Doing Events Research: From Theory to Practice
Australasian Journal of Construction Economics and Building 2014. © 2014 Göran Runeson. This is an Open Access article distributed under the terms of the Creative Commons Attribution 4.0 Unported (CC BY 4.0) License (https://creativecommons.org/licenses/by/4.0/), allowing third parties to copy and redistribute the material in any medium or format and to remix, transform, and build upon the material for any purpose, even commercially, provided the original work is properly cited and states its license.
Citation: Australasian Journal of Construction Economics and Building (AJCEB) 2014, 14(4), 4252, http://dx.doi.org/10.5130/ajceb.v14i4.4252
Fox, D., Gouthro, M. B., Morakabati, Y. and Brackstone, J., 2014, Routhledge, pp i-xii, 1-252, Paperback: ISBN 978-0-415-66668-8 USD62.95, GBP29.99, Master eBook ISBN13: 978-1-315-81508-4, GBP29.99.

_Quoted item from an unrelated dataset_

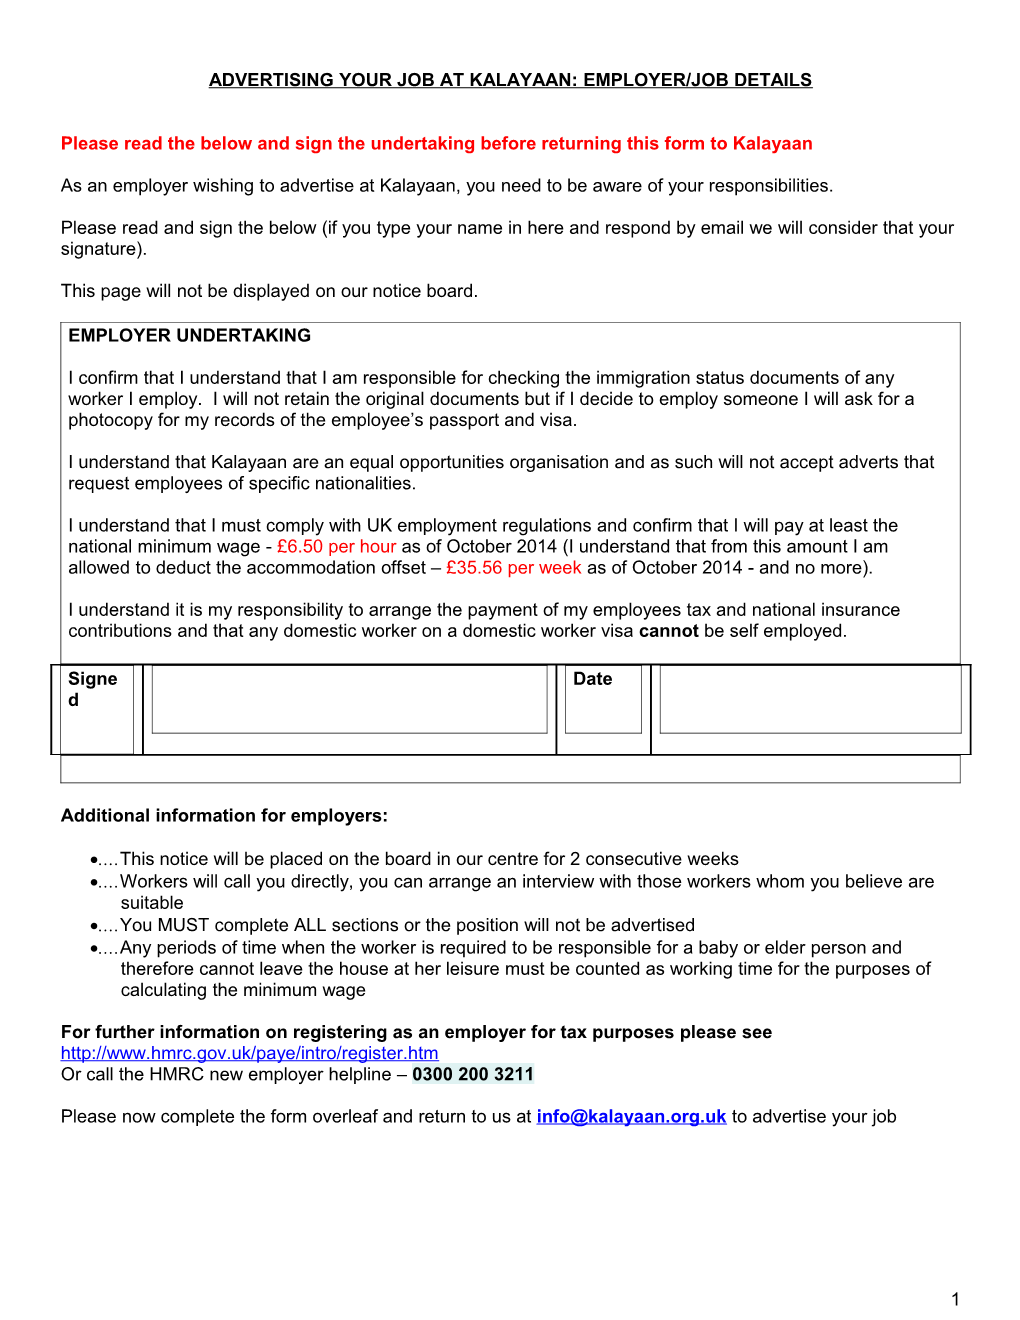 Advertising Your Job at Kalayaan: Employer/Job Details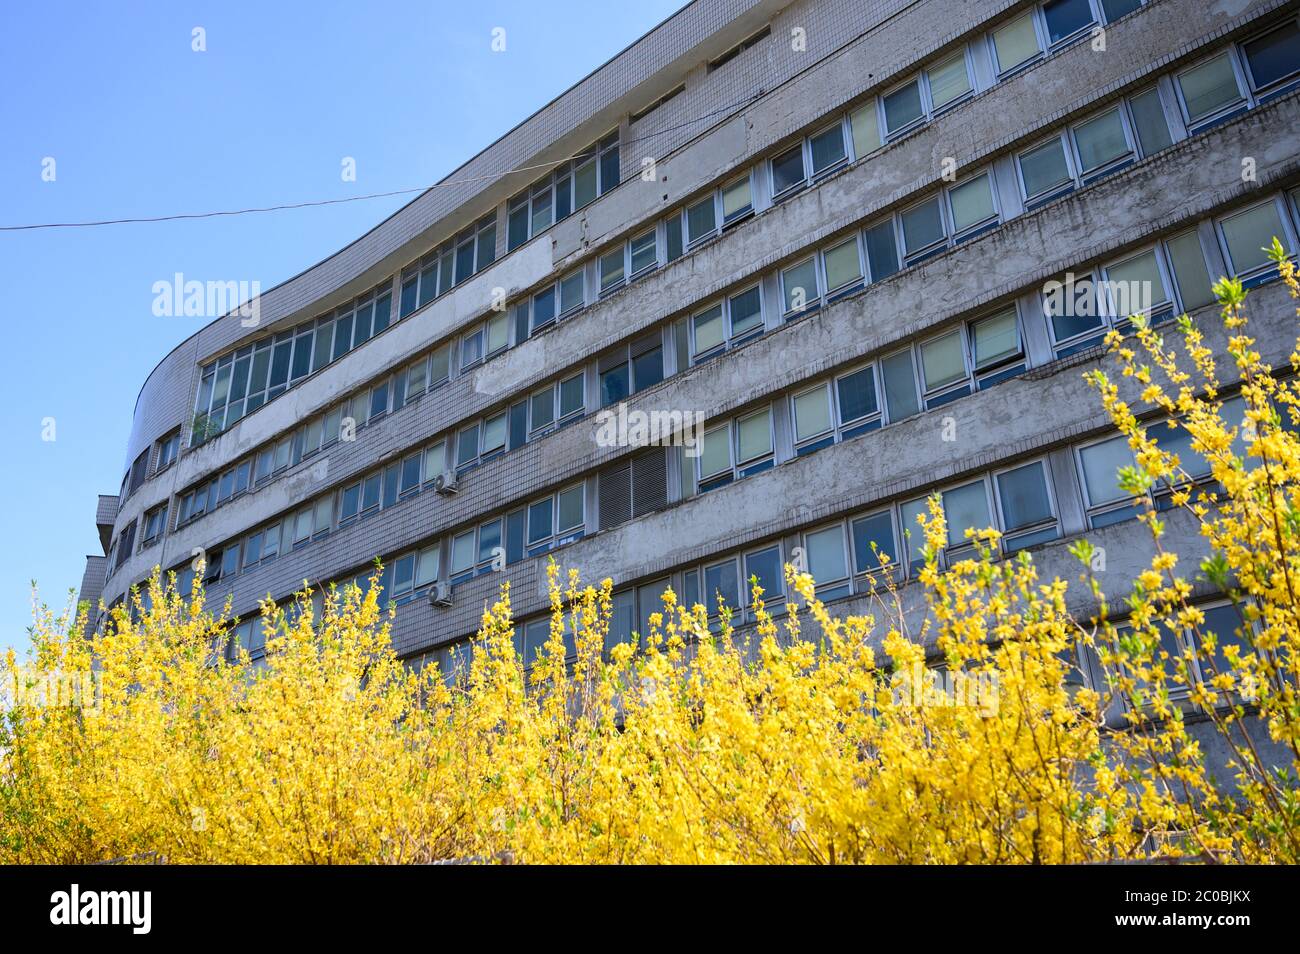 El Hospital Kramare, Departamento de Enfermedades Infecciosas y Medicina geográfica. Bratislava, Eslovaquia. 2019/10/18. Foto de stock

A title like “Doing events research: from theory to practice” may seem a peculiar choice for a review for a journal of Construction Management. However, it would be unfortunate if the title stopped you from considering what is currently one of the best, if not the best generic books on research for undergraduate and graduate research students, and I think also for many academics. True, it deals with “events research”, maybe ten per cent of the time, but the rest is a clear, logical, authoritative generic treatment of every topic you are likely to think of as a new researcher, from the selection of a topic to presenting at a conference or writing a journal paper, from the meaning of ontology to how to code qualitative data. Of special interest is the section on e-methods.
This is an insightful coverage of both quantitative and qualitative methods packed into 250 pages. This is achieved not by being shallow or superficial but by writing to the point in a simple but comprehensive way that can also stand as a pattern for how scientific papers should be written. The definition of constructivism takes one line, how to collapse a Likert scale small data set for a chi-square test is explained in six lines while the use of surveys and an overview of statistics gets a chapter each.
The text is broken up with text boxes for student vignettes, definitions, practical tips as well as pictures and computer screens. At the end of each chapter, there are suggested readings under four headings: books, journals, web links and video links. There is also an extensive bibliography, a glossary of more than 80 terms as well as an index.
The only thing you don't get is value judgments on different methodologies or philosophies. For someone like me that strongly believes in “real” research and that the rest is just a waste of time, this may be seen as a weakness, but for the intended readership, I think the short introduction to different research philosophies works well and there are sufficient references to the relevant literature for anyone that wishes to study this topic further.
In summary, I think this is a very useful introduction to anyone starting as a researcher and I wish it had been around when I was teaching research methods.